Berlin-based producer Daniel Haaksman has history on his mind: His new album, African Fabrics, makes apparent his understanding of the past’s implications for the formation of current power structures. Grappling with the remnants of Germany’s empire of the late 18th and early 19th centuries, Haaksman creates a hybrid African-European techno that interrogates just how the two continents’ cultures have clashed. In lead single “Rename The Streets,” a marimba-backed house beat takes the producer to Berlin’s crowded avenues, many of which are named after colonial figures of questionable pedigree.

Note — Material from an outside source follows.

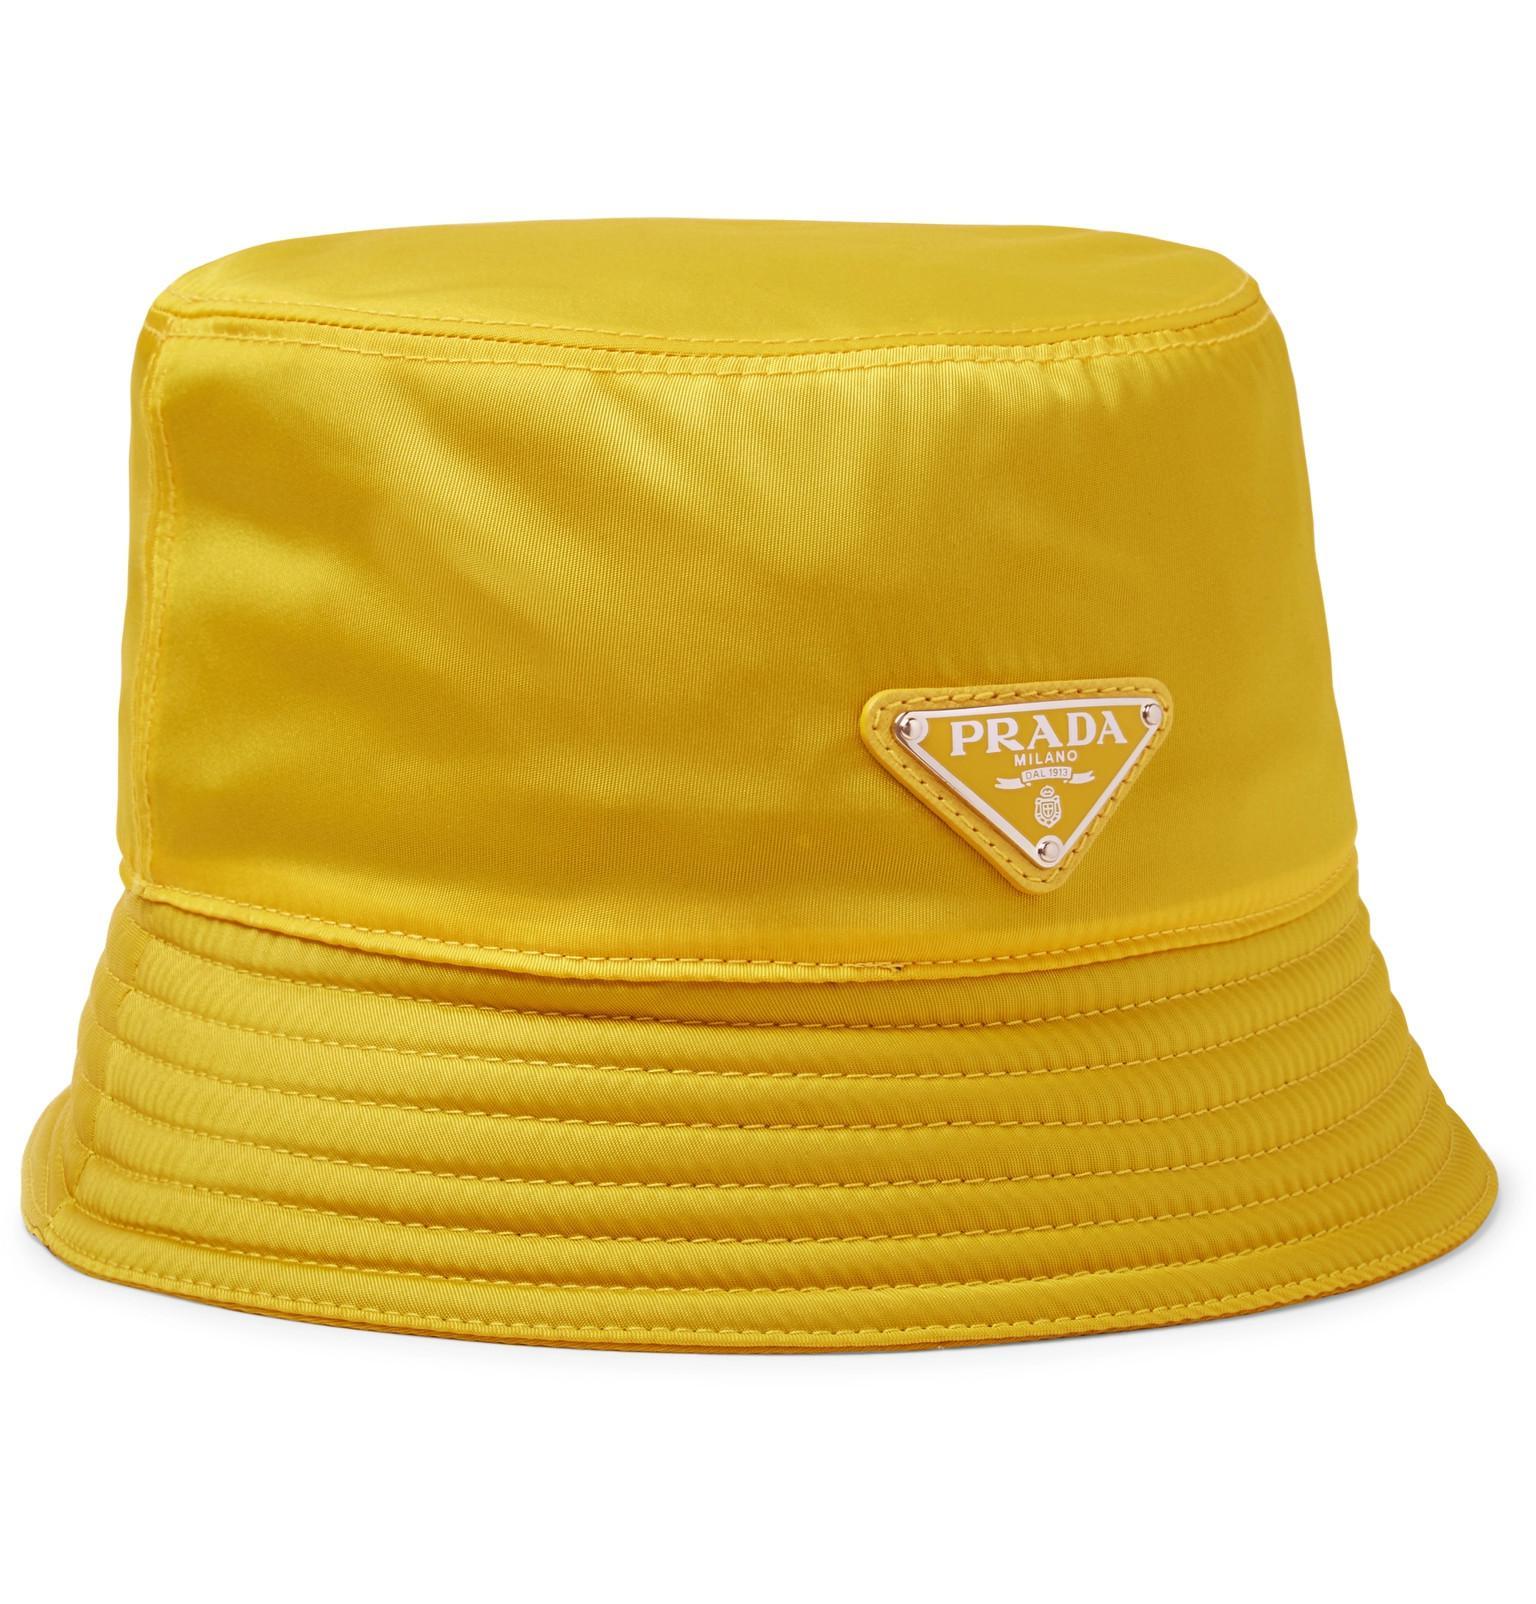 9a37f06a Prada Logo-appliquéd Nylon Bucket Hat in Yellow for Men - Lyst
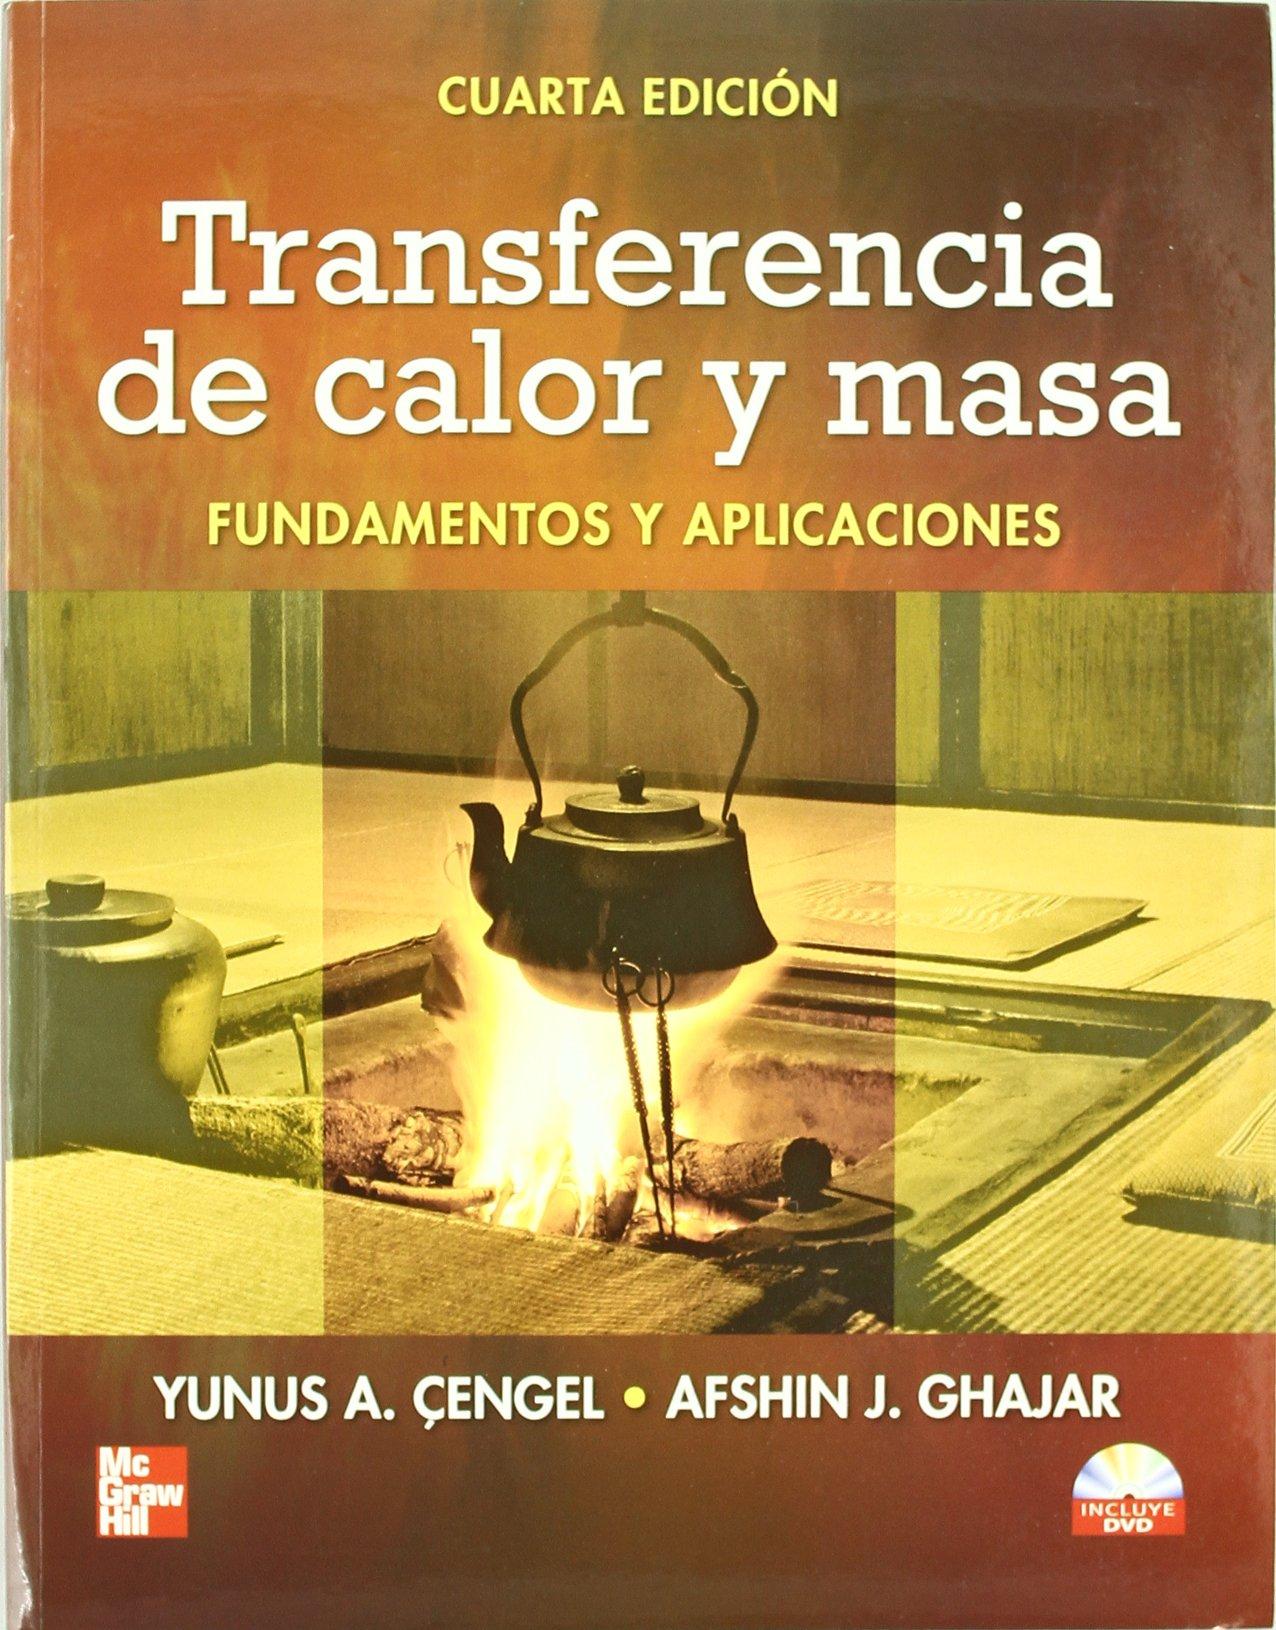 TRANSFERENCIA DE CALOR Y MASA FUNDAMENTOS Y APLICACIONES [Mar 30, 2011] Cengel, Yunus and Ghajar, Afshin pdf

“Xinguila,” which you can listen to below, finds Haaksman in Angola, a country which gained its independence from Portugal only 40 years ago and, (as a result) descended into civil war until 2002. Featuring guest vocals from the Portuguese-Angolan band, Throes + The Shine, the danceable punk/electro/rap track draws its influences from the genre of kuduro, which emerged, as NPR explains, as an optimistic form of resistance to the civil war: an effort to inspire happiness during trying times. Of the track, Haaksman explains:

I first saw Throes + The Shine live in Lisbon in 2012. It was just two Kuduro MCs and a guy on drums and one guy on synth, yet the energy level of the show went through the roof. It was the perfect combination of a Kuduro dance event and a rock show. The club was full of white Portuguese kids and black kids from the former Portuguese colonies such as Angola, Moçambique or Capo Verde, they were jumping up and down, there was a moshpit and everybody was having the time of their life. To me, Throes + The Shine are like Bad Brains reborn, but this time with an emphasis on Kuduro, not reggae.